Dealing With Franchisee Disputes
Ideally, franchising is a mutually beneficial arrangement. On one side, the franchising organization grows and prospers by offering investors the chance to use its successful name and business model in return for royalties and franchising fees. On the other side, franchise owners get the opportunity to start a business that has a greater chance of success than an independent business would and comes with a pre-existing customer base.
It seems that with so much to gain on both sides that there could be little cause for complaint from either party. Of course, that isn’t at all realistic. The truth is that franchisors and their franchisees bump heads regularly. Any franchising company whose Franchise Disclosure Document doesn’t list at least a few lawsuits hasn’t been franchising very long. Franchisor/franchisee disputes are so common, in fact, that a whole subset of legal council has arisen to cater to parties on both sides.
However, in most instances it does not serve a franchisor well to allow things to progress to the point of litigation. As mentioned, those suits all have to go into the franchisor’s FDD. Even if the case goes in favor of the franchisor, having those complaints levied by franchisees does not look good for potential investors.
In order to prevent litigation, franchisors may attempt to resolve conflicts through other channels first. In fact, many franchising agreements may even include mediation and arbitration clauses which obligate franchisees to pursue resolution through this channels before, or in lieu of, pursuing legal recourse. However, such clauses are not the norm.
Mediation and arbitration clauses are not common because of one simple fact. When push comes to shove, the franchisor can almost always out-gun the franchisee in court. So, while the franchisor may prefer to avoid litigation, if it feels that its chances of coming out ahead through mediation or arbitration are week, then it may prefer to take the hit of the FDD suit disclosure and go for the win in court.

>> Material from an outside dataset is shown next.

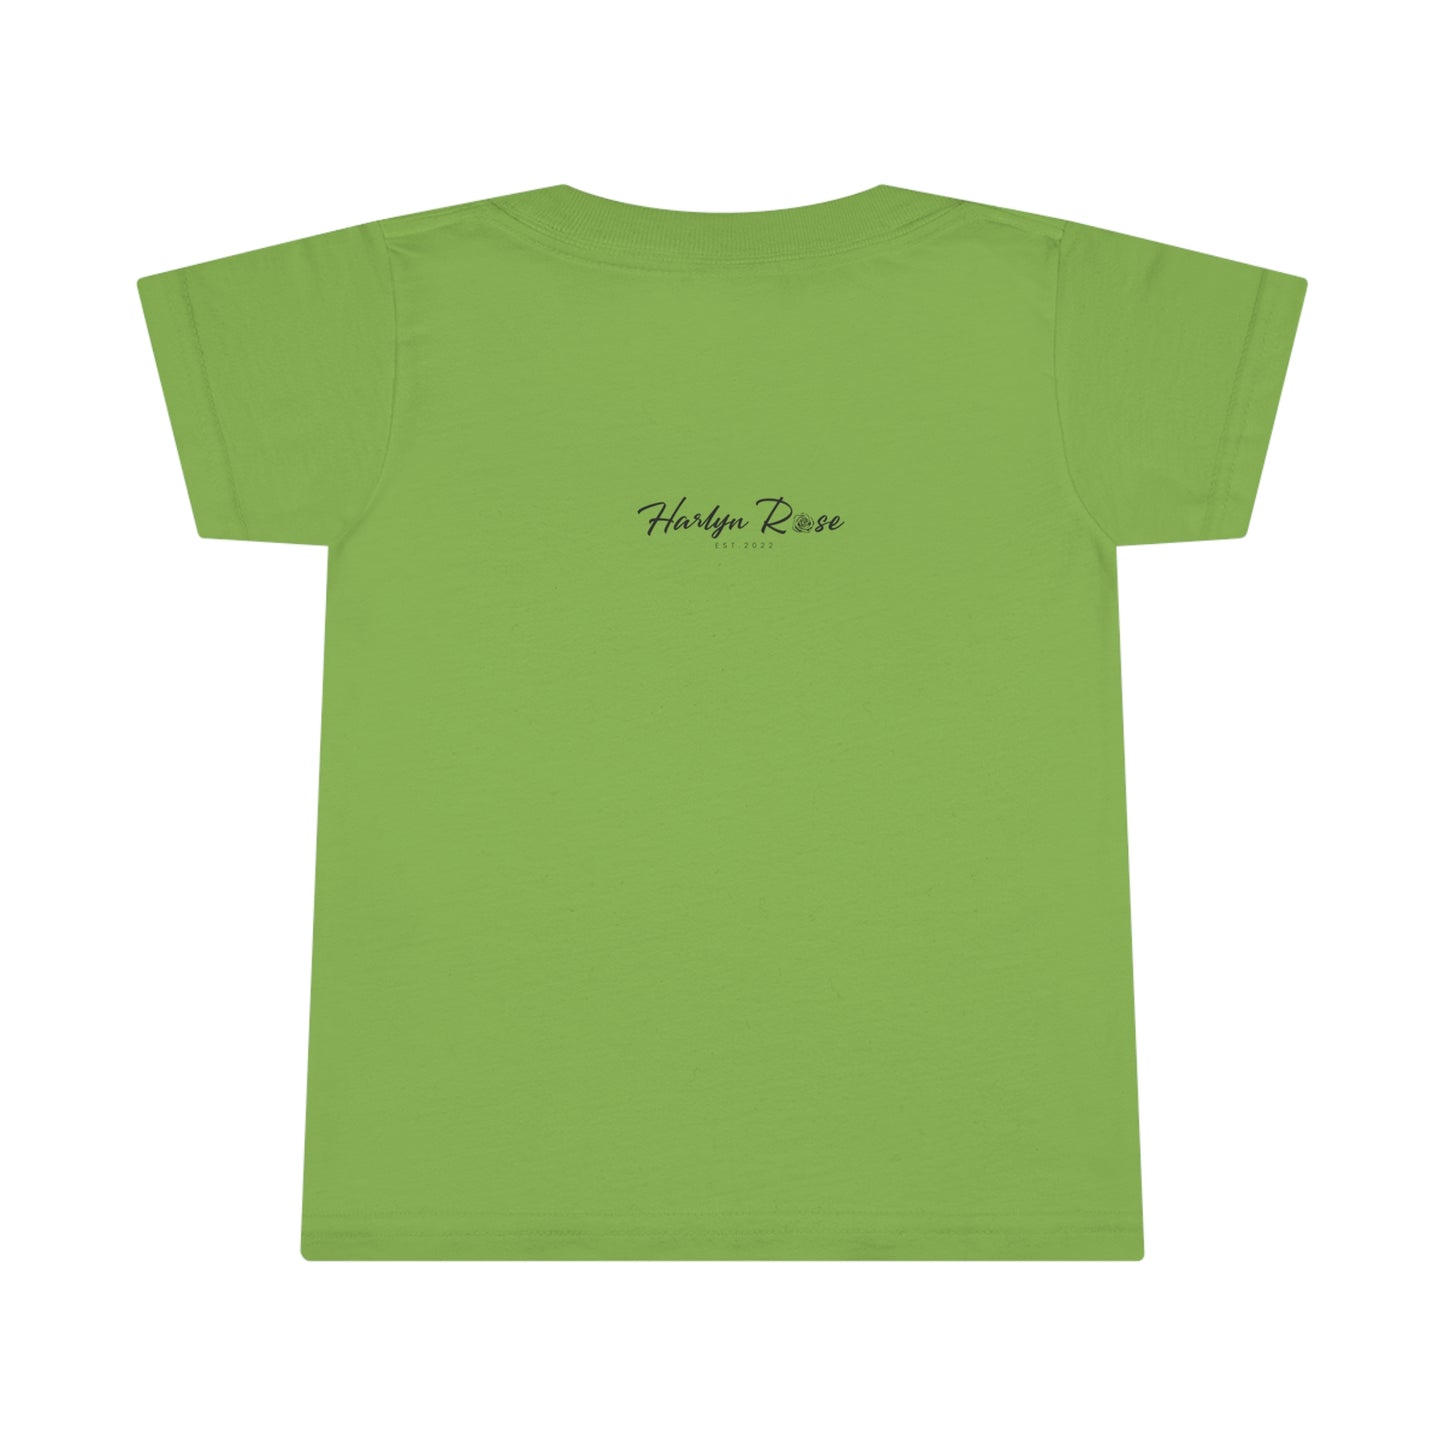 Toddler T-shirt - It's not the destination. It's the journey.

Those franchisors who do not contractually obligate their franchisees to pursue mediation and arbitration are often still inclined to push those means of resolution. Again, avoiding litigation is best for the franchisor in almost all instances (except those wherein the franchisor probably really is in the wrong). This does not mean that mediation and arbitration cannot work in favor of the franchisee, though.
In fact, mediation or arbitration, either one, is often mutually beneficial to both parties. It, of course, allows the franchisor to avoid potentially embarrassing litigation. For the franchisee, it provides a means of having his or her complaint heard and addressed without the expense of going to court. Since arbitration is generally binding, as per agreement before arbitration, it can be just as effective as litigation.
Though mediation is generally not binding (unless both parties agree to abide by it after the fact), it can still provide a channel to allow franchisor and franchisee to reach a mutual understanding and agreement without escalating the conflict beyond the point of repair. Generally, by the time a dispute reaches court there is no longer any chance of maintaining a working relationship. Mediation and arbitration both allow conflicts to be addressed while preserving the franchisor/franchisee relationship.